该ss.str()临时初始化后销毁cstr2完毕。因此，当您使用 打印它时cout，与该std::string临时文件关联的 c 字符串早已被销毁，因此，如果它崩溃并断言，您将很幸运，而如果它打印垃圾或看起来确实有效，则不走运。

const char* cstr2 = ss.str().c_str();

The C-string where cstr1points to, however, is associated with a string that still exists at the time you do the cout- so it correctly prints the result.

cstr1但是，指向的 C 字符串与您执行此操作时仍然存在的字符串相关联cout- 因此它可以正确打印结果。

In the following code, the first cstris correct (i assume it is cstr1in the real code?). The second prints the c-string associated with the temporary string object ss.str(). The object is destroyed at the end of evaluating the full-expression in which it appears. The full-expression is the entire cout << ...expression - so while the c-string is output, the associated string object still exists. For cstr2- it is pure badness that it succeeds. It most possibly internally chooses the same storage location for the new temporary which it already chose for the temporary used to initialize cstr2. It could aswell crash.

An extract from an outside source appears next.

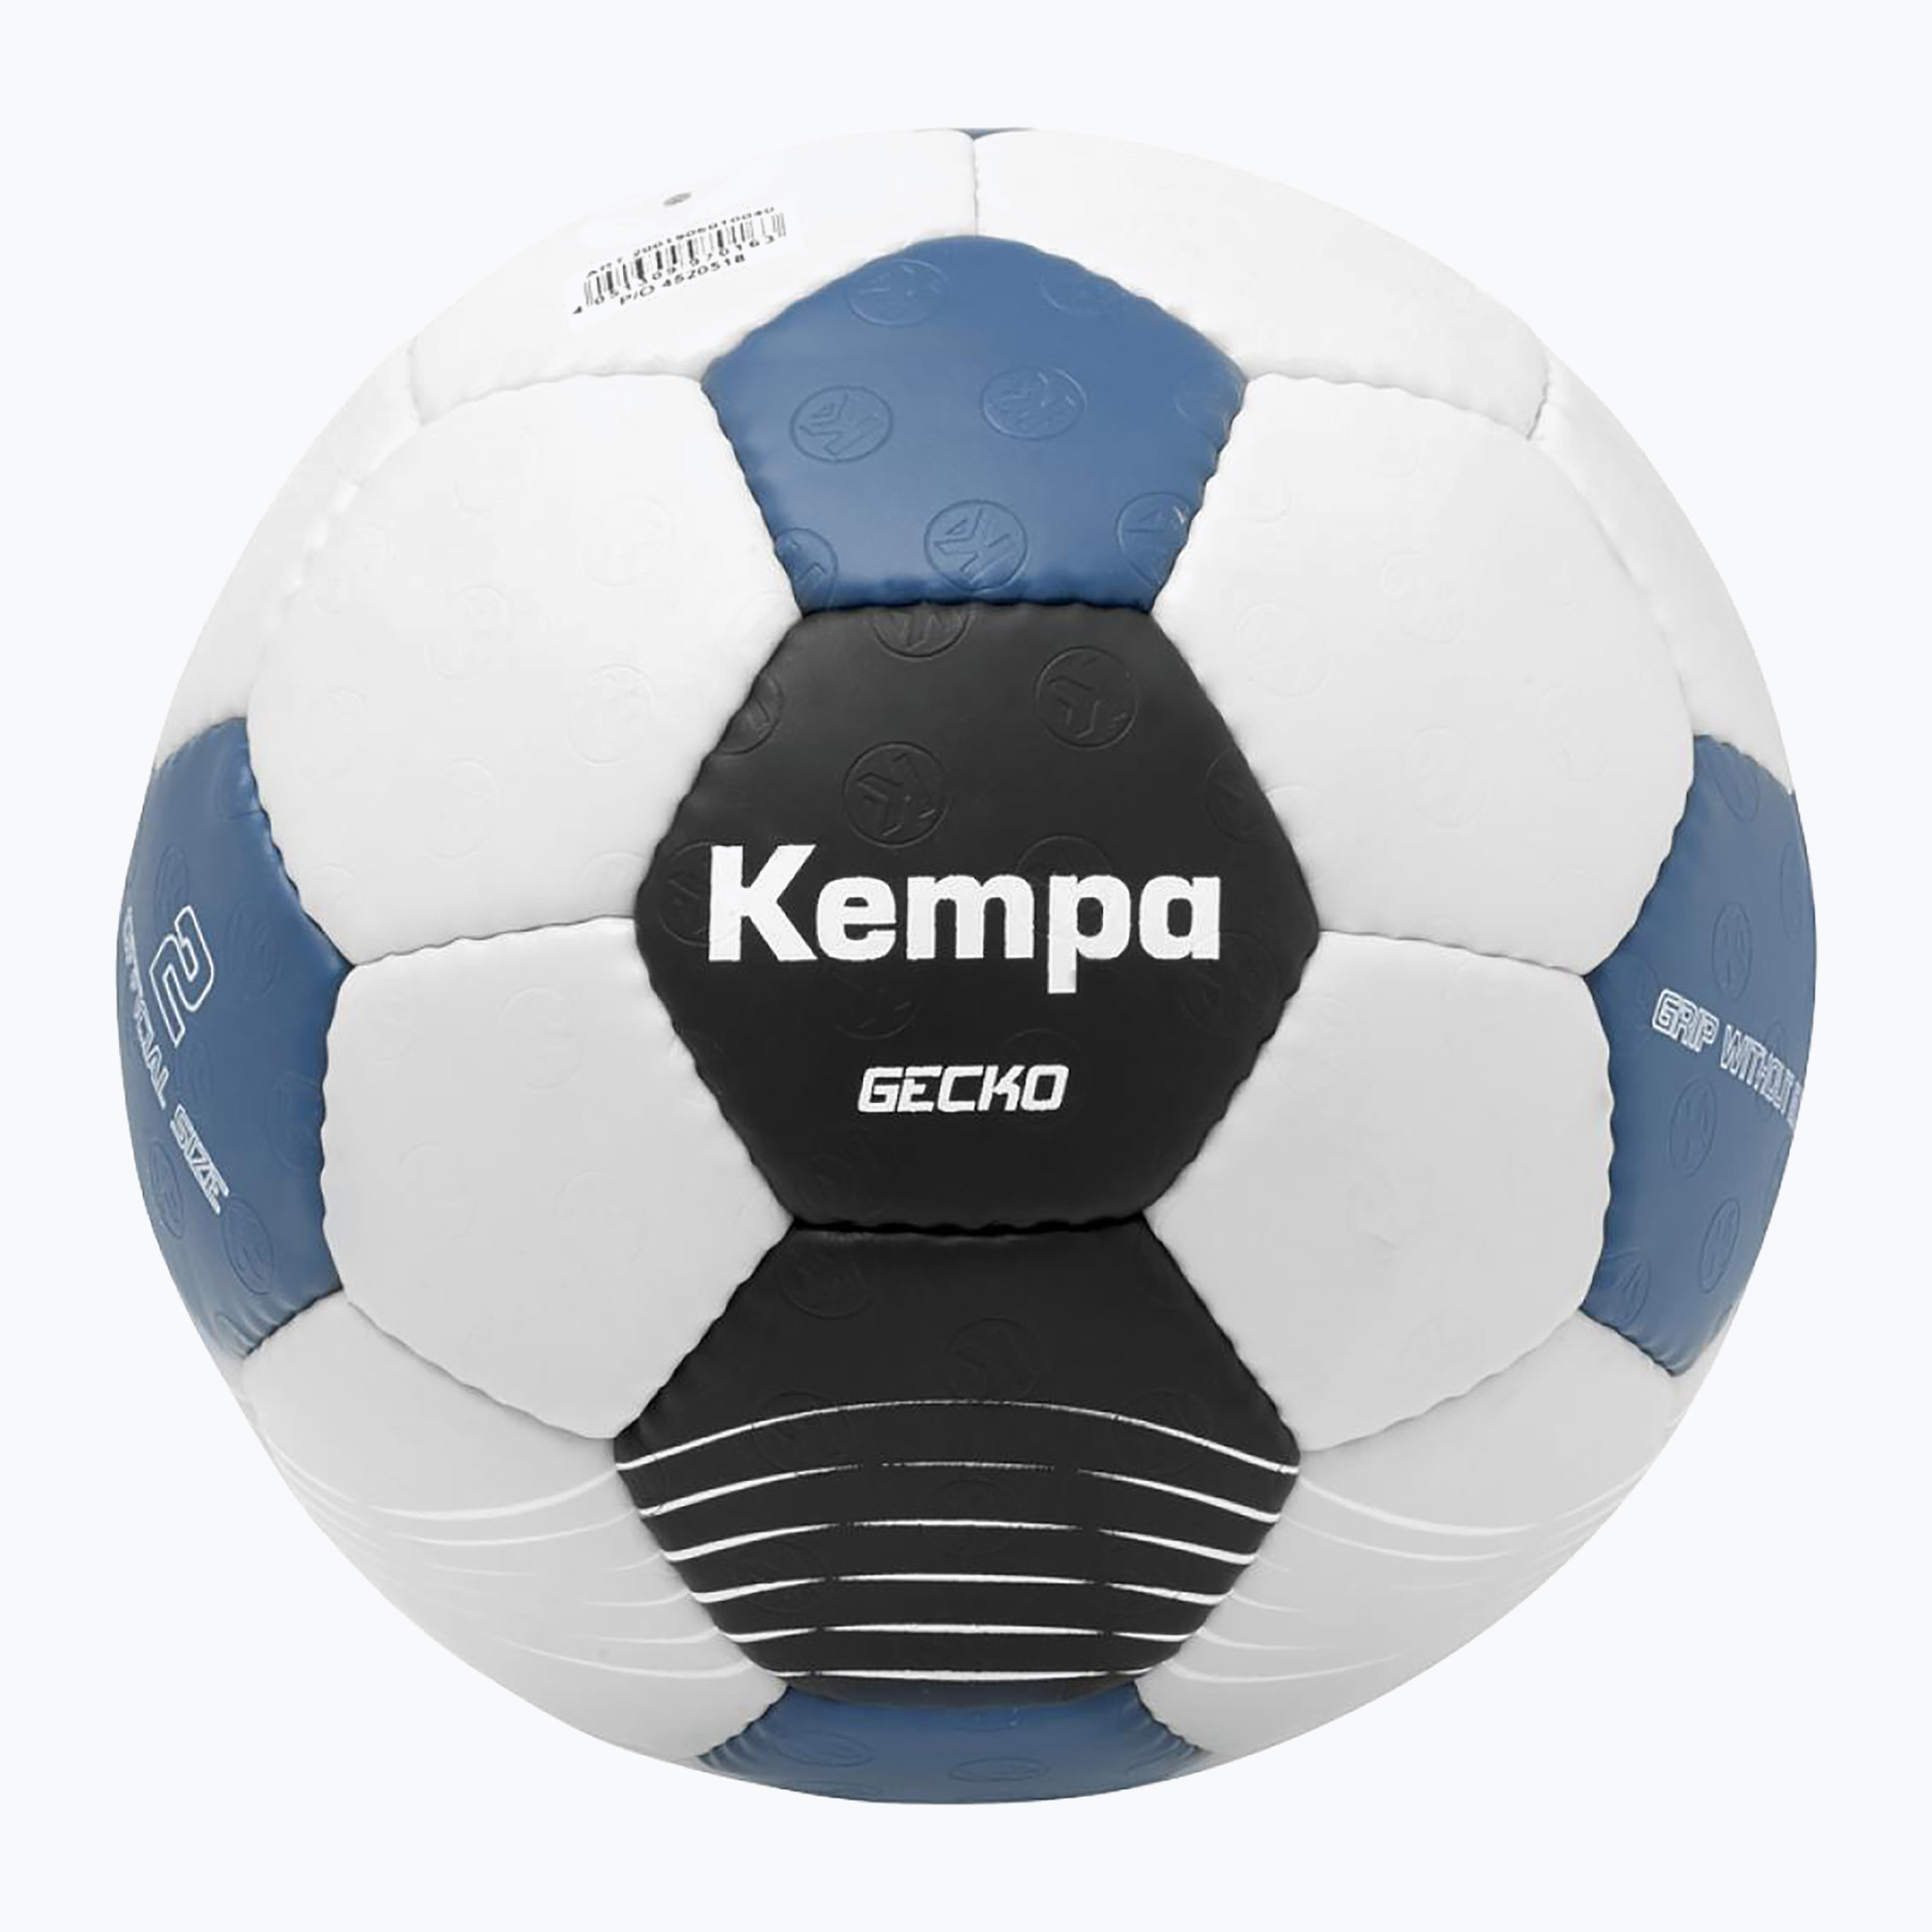 Kempa Gecko handbal 200190601/3 mărimea 3

在下面的代码中，第一个cstr是正确的（我假设它cstr1在真实代码中？）。第二个打印与临时字符串对象关联的 c 字符串ss.str()。对象在其出现的完整表达式求值结束时被销毁。full-expression 是整个cout << ...表达式 - 因此当输出 c-string 时，关联的 string 对象仍然存在。因为cstr2——它的成功是纯粹的坏事。它很可能在内部为新的临时文件选择相同的存储位置，它已经为用于初始化的临时文件选择了相同的存储位置cstr2。它也可能崩溃。

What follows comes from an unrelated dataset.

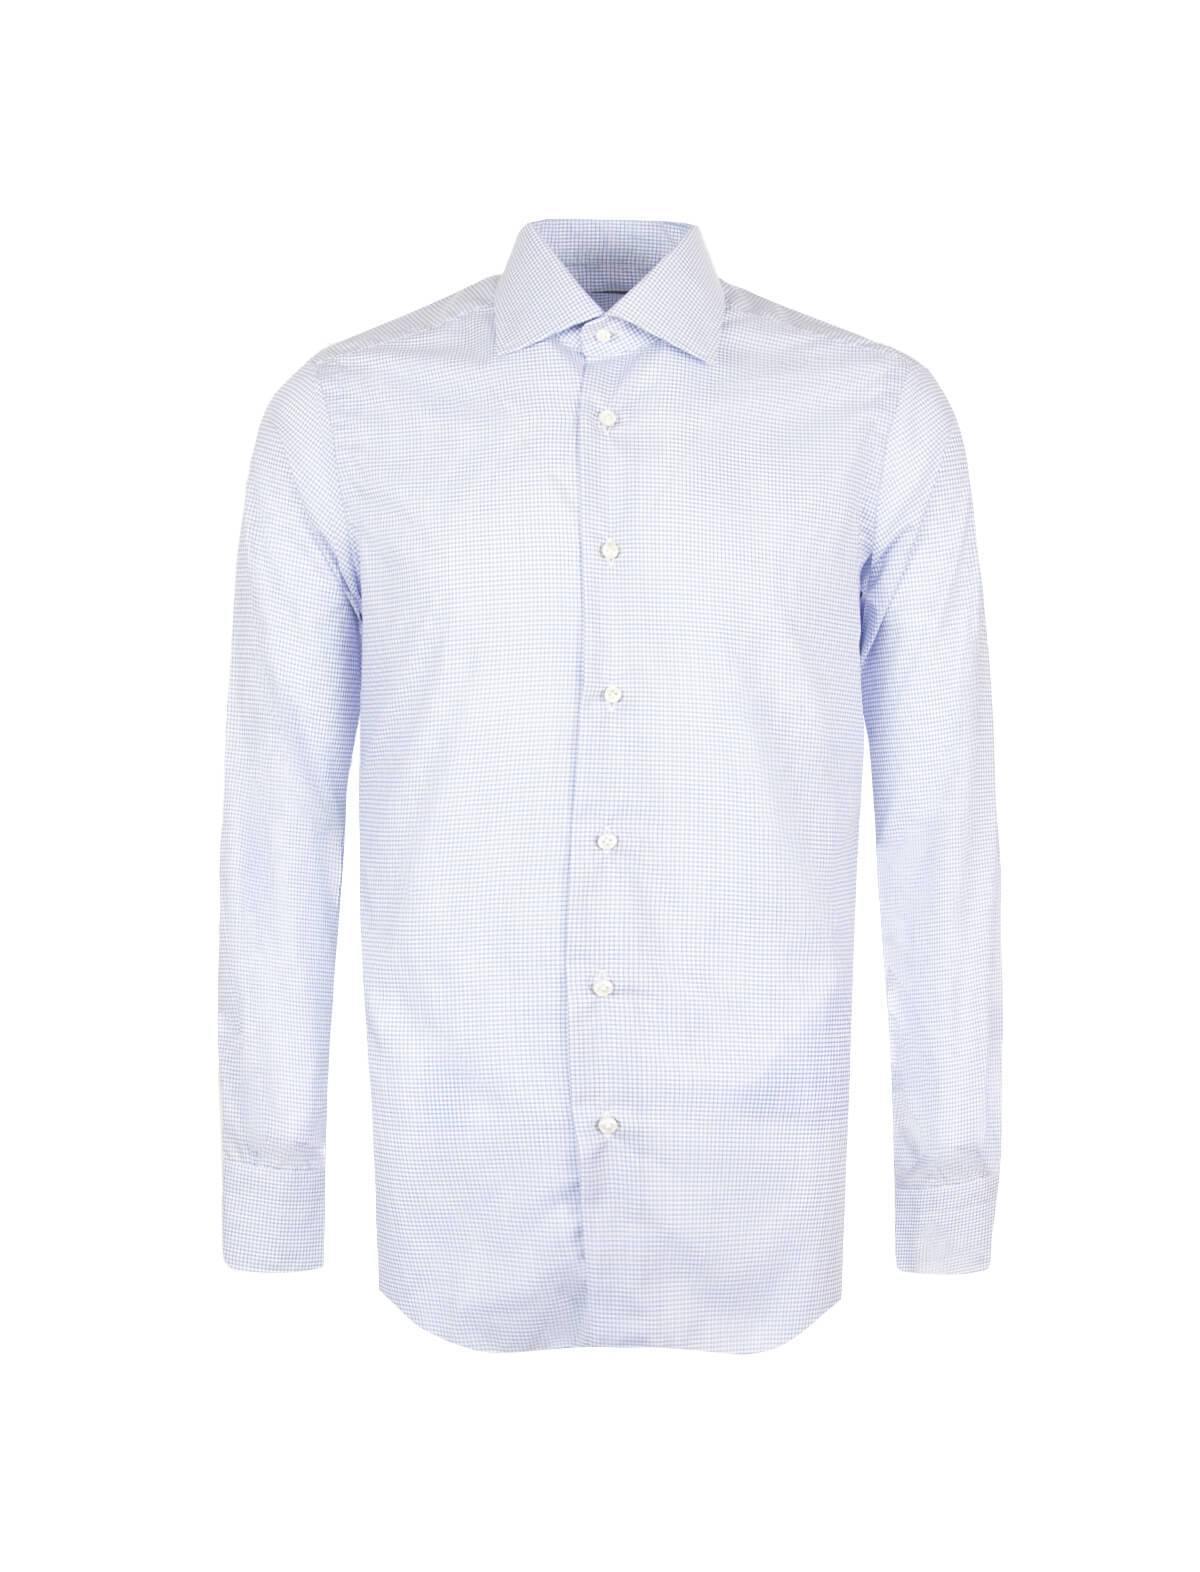 BARBA Journey Wrinkle-Resistant Shirt in White/Light Blue Checks | CLOSET Singapore

cout << cstr            // Prints correctly
    << ss.str().c_str() // Prints correctly
    << cstr2;           // Prints correctly (???)

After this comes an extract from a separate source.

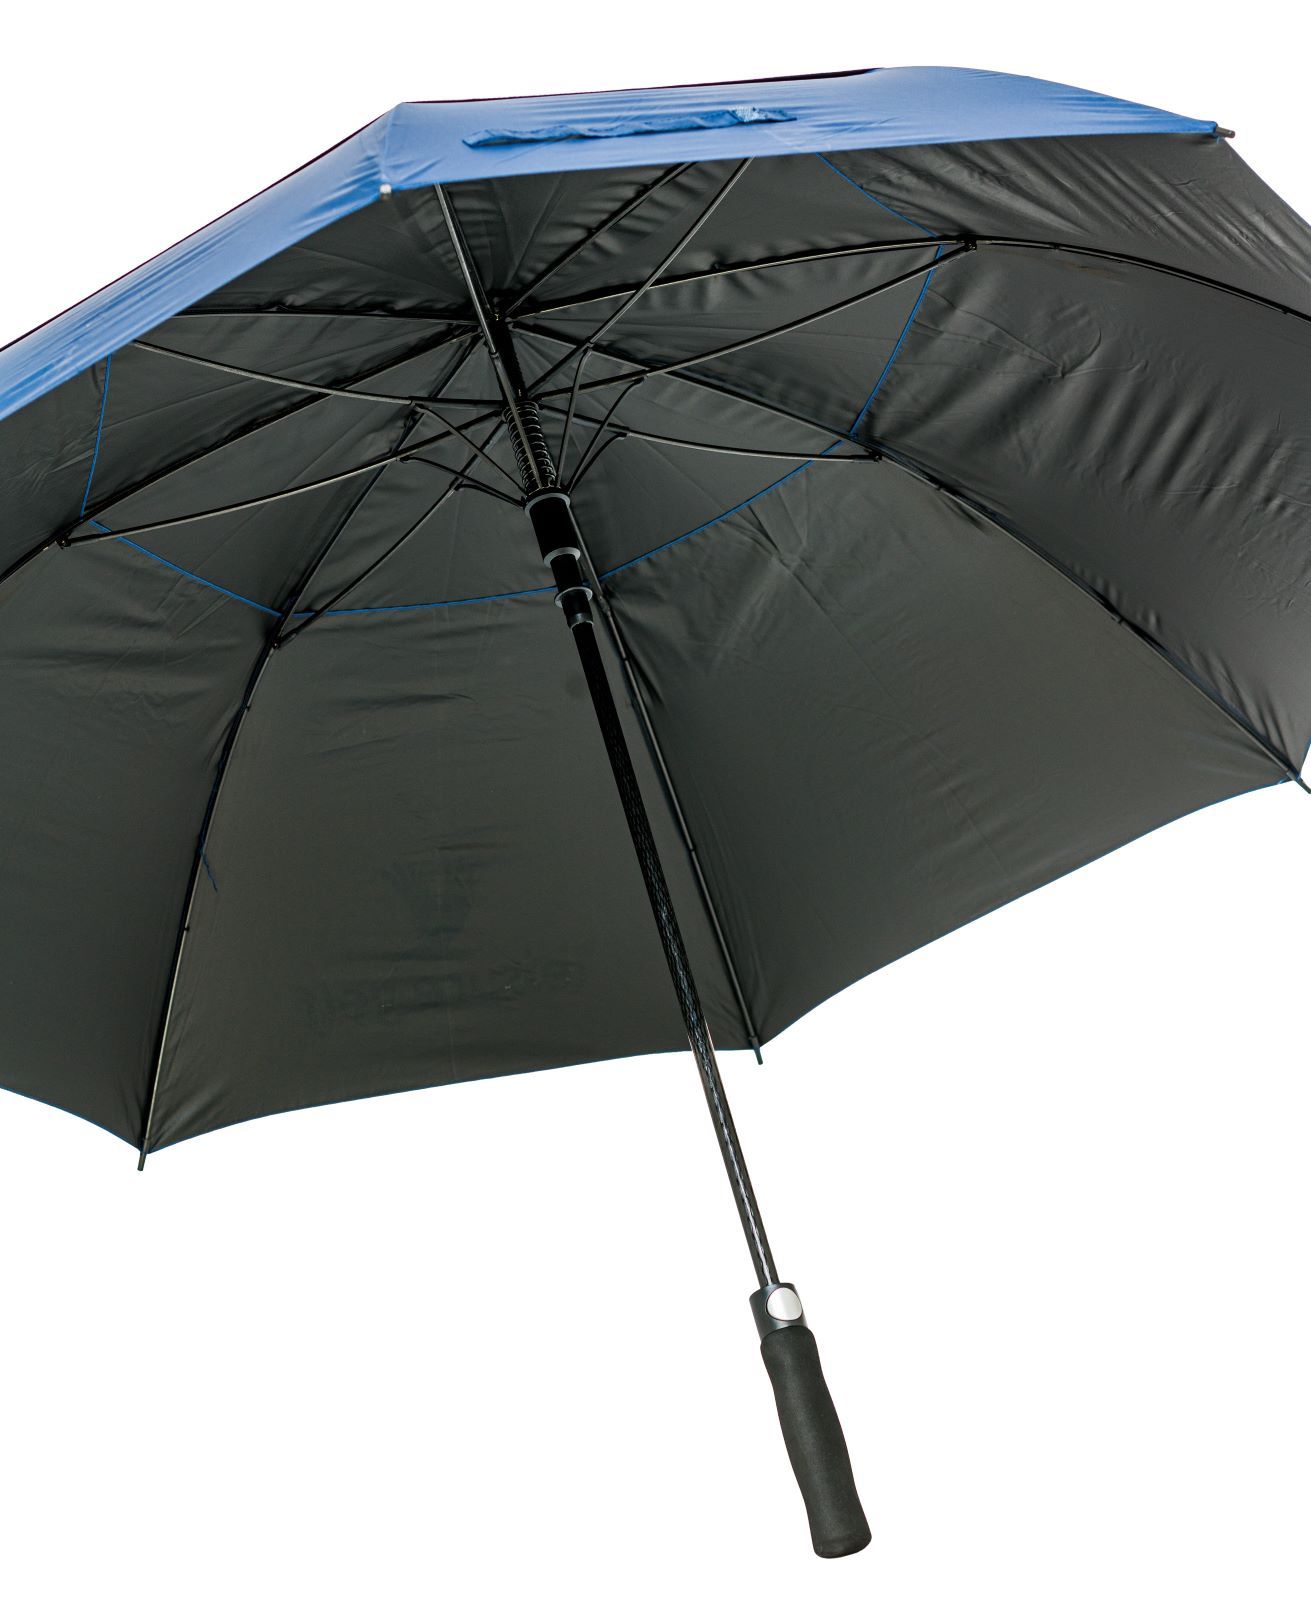 Golf umbrella Leisure Golf UV Black/ Red

The return of c_str()will usually just point to the internal string buffer - but that's not a requirement. The string could make up a buffer if its internal implementation is not contiguous for example (that's well possible - but in the next C++ Standard, strings need to be contiguously stored).

的返回c_str()通常只指向内部字符串缓冲区 - 但这不是必需的。例如，如果字符串的内部实现不连续，则该字符串可以构成缓冲区（这很有可能 - 但在下一个 C++ 标准中，字符串需要连续存储）。

In GCC, strings use reference counting and copy-on-write. Thus, you will find that the following holds true (it does, at least on my GCC version)

在 GCC 中，字符串使用引用计数和写时复制。因此，您会发现以下情况成立（至少在我的 GCC 版本中确实如此）

string a = "hello";
string b(a);
assert(a.c_str() == b.c_str());

The two strings share the same buffer here. At the time you change one of them, the buffer will be copied and each will hold its separate copy. Other string implementations do things different, though.

这两个字符串在这里共享相同的缓冲区。当您更改其中之一时，缓冲区将被复制并且每个缓冲区都将保存其单独的副本。但是，其他字符串实现做的事情不同。